There is a dull silver teapot with a black plastic handle and black finger-topped lid that sits in the far corner of my desk. I would have to stand up to reach it, it is that far away from me. It has been there, alone, waiting, ever since I started work here. We don’t use it to make tea – that would be too obvious. It is, in fact, our watering can for the beautiful trees we have growing in the library.
Now, I look at the teapot and I can understand why it has evolved into the shape it has now – the pot belly holds plenty of liquid; the lid is on the top to prevent spillages and to make it easier to fill; the moulded handle gives a good grip; the flick over the top of the handle is perfectly for your thumb so the pot balances against it beautifully.

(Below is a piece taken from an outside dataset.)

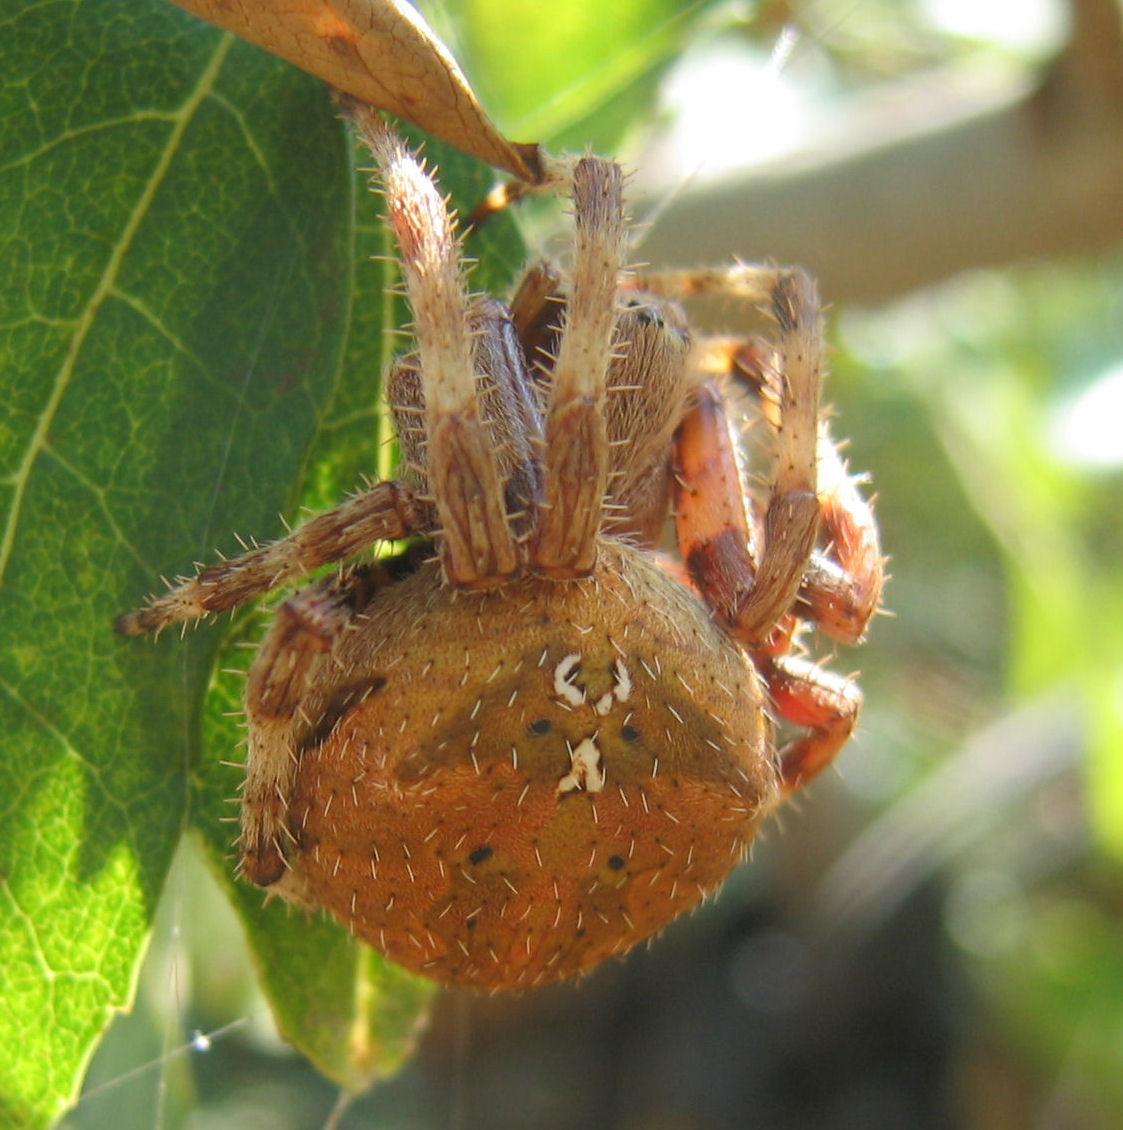 Araneus sp.
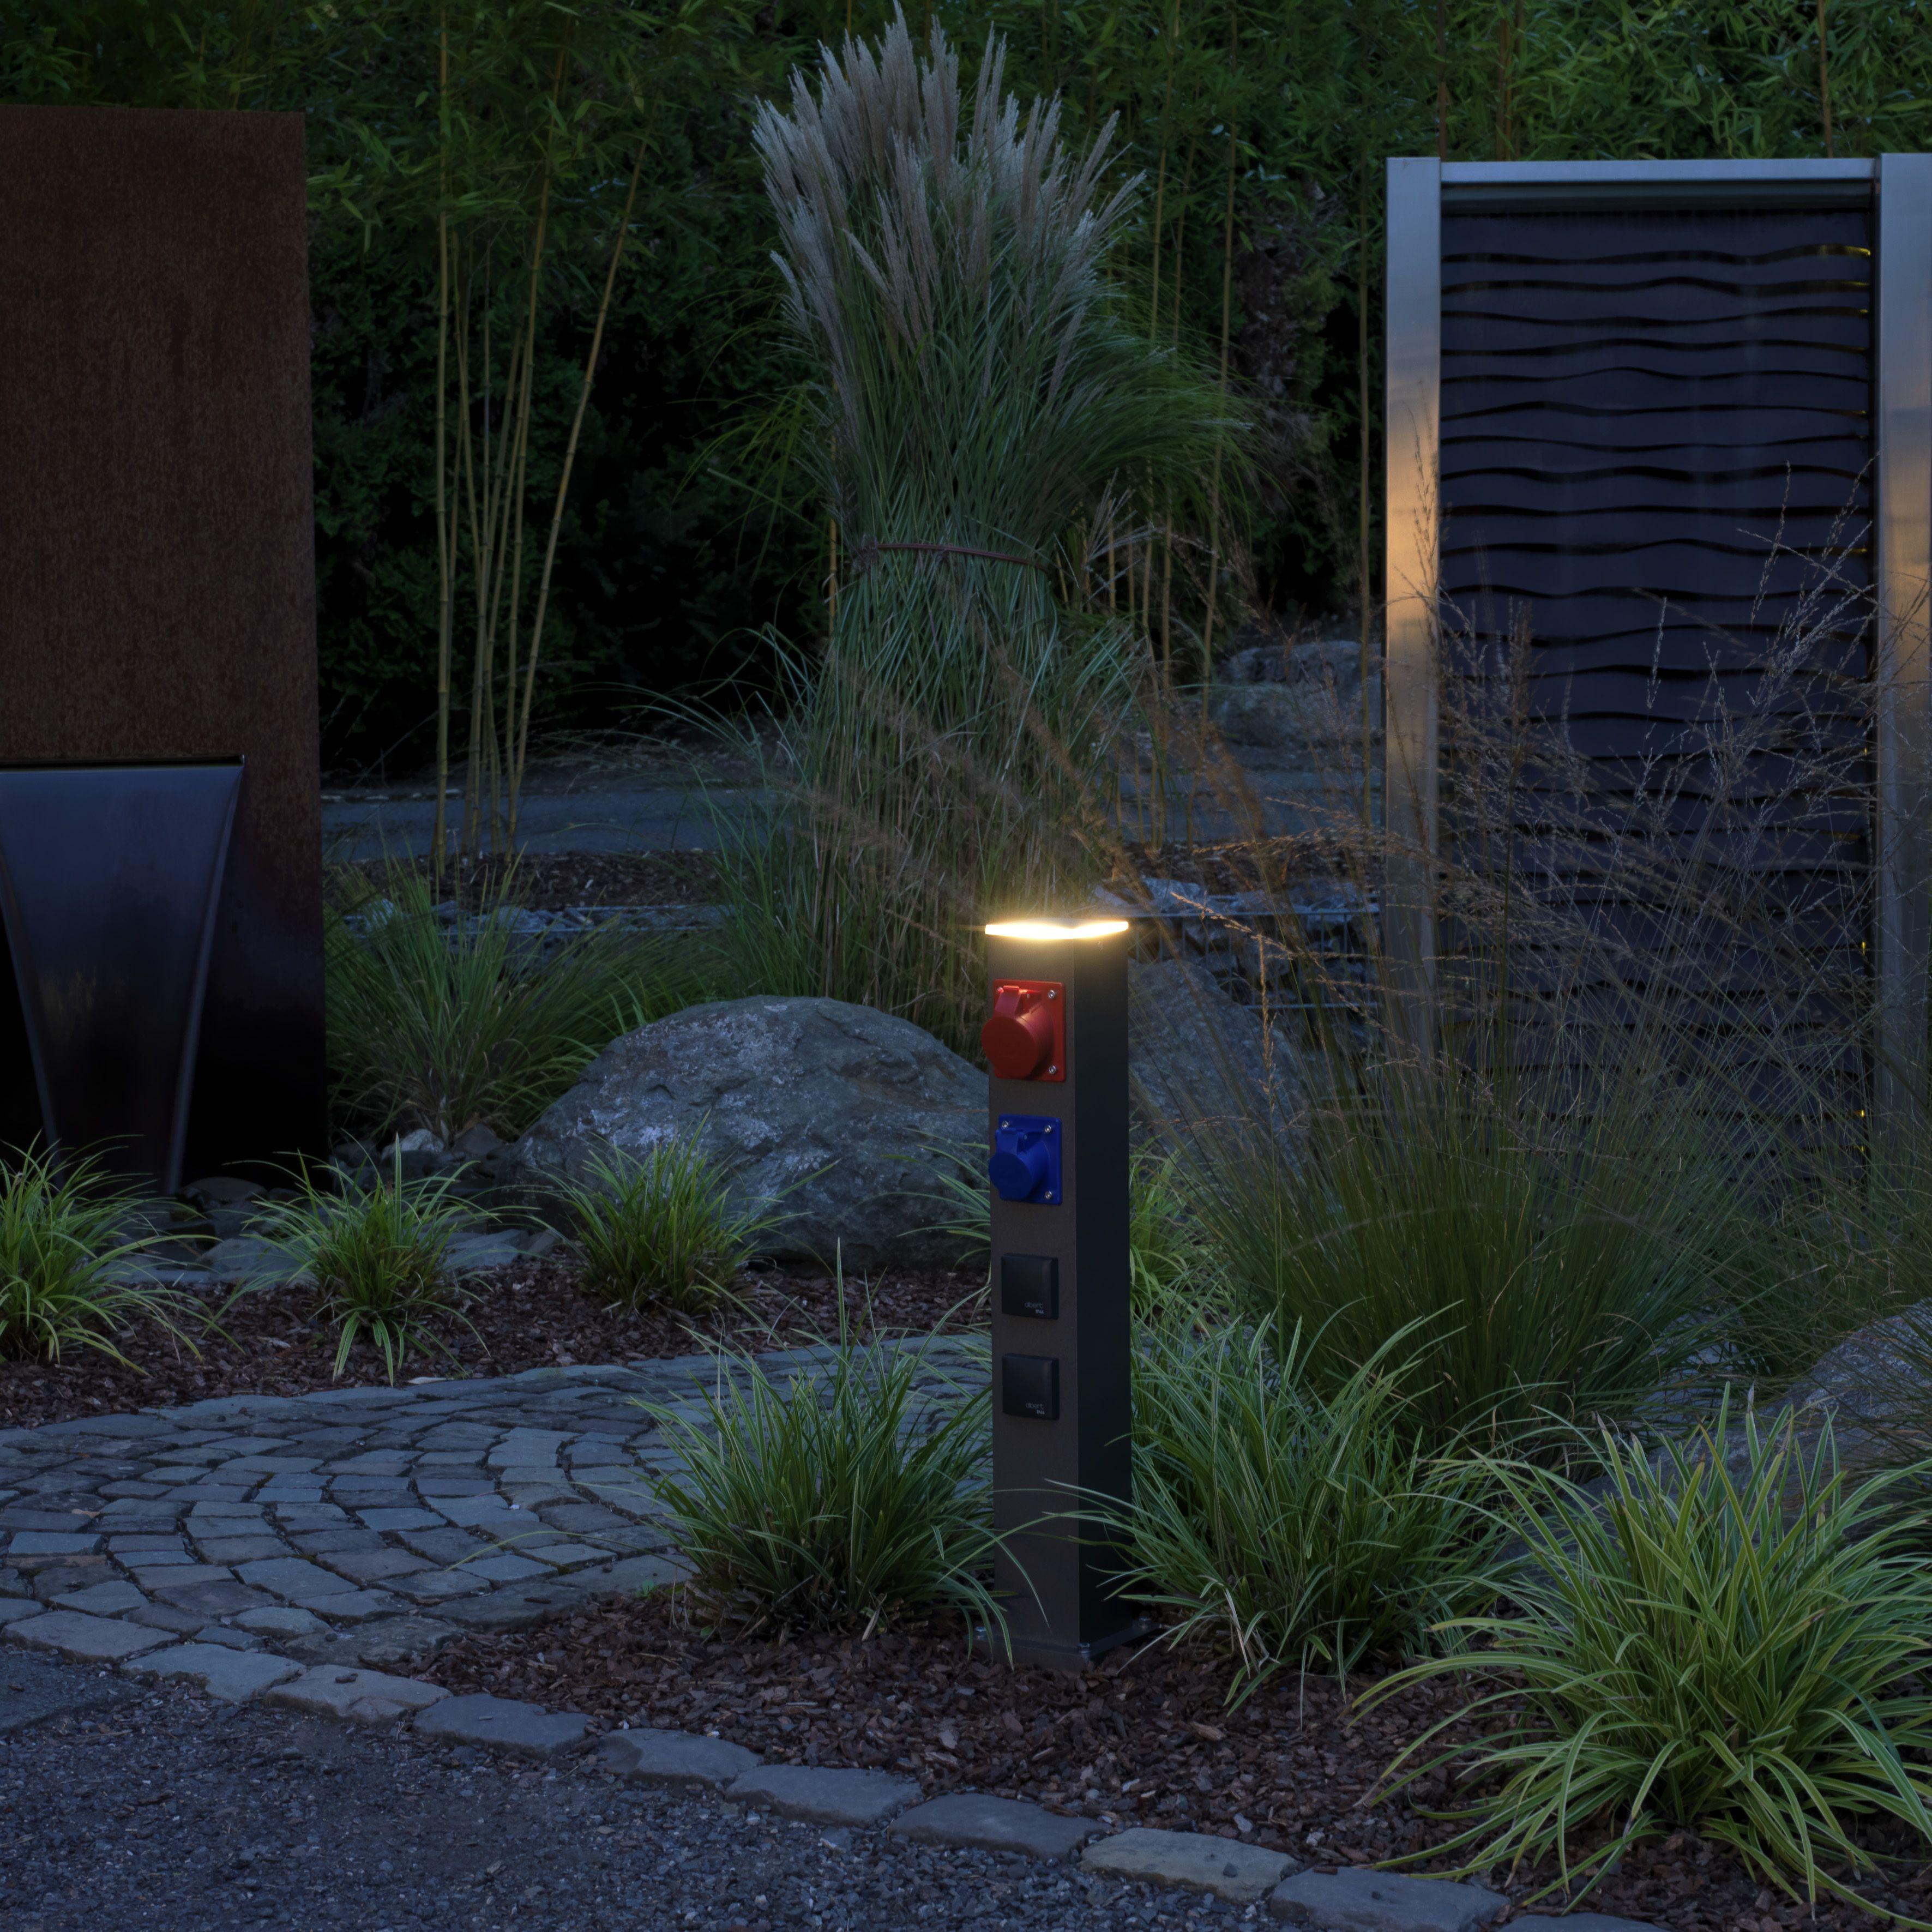 Energie Steckdosensaule Nach Wunsch Albert Leuchten Steckdosen Gartenlampen

But there is one design feature I could not understand. The curve in the spout. As the spout leaves the belly (quite low down so you don’t have to tip it too much and therefore risk liquid pouring out of the top) it comes out almost horizontally before looping in an arc back towards the pot, then rising up and away again; like an ‘S’ shape. Why doesn’t the spout just come away from the pot in a straight line? Why the ‘S’ shape? Well, I was intrigued – no, I don’t have too much time on my hands, and the day we stop thinking and speculating we may as well write our will and hang up our boots – and so subconsciously searched for a pot without a spout. I found one on my travels round the school and it was then, when I poured from each pot, that I discovered the answer. I’m not going to tell you what that is, you’ll have to find your own pots. But the answer is irrelevant (unless you’re considering buying a teapot in which case I recommend you go for one with a spout), what is relevant is that until I had a pot with a straight spout I was unable to fathom the reason for the curve. Now consider, if you will, the myriad of designs of the different species in nature. Every aspect has evolved for a particular reason, maybe more than one, but it is hard to discern what that reason might be until we are offered the alternative. That does not happen often and so we are left to speculate. Finding and using a differently spouted pot gave me an insight into the motion of fluids and gravity. It may never help me in any obvious way, but if ever I come across a gecko with a curved (cough here) I will have one more idea to offer. Also, if I’m ever asked to design a milk carton I shall remember that lesson.
It is through learning from such simple play that children gain a greater understanding of the physics of our universe and a greater capacity to reason. They may not be able to tell what they have learnt, but you can be sure they have learnt something. Children need to play!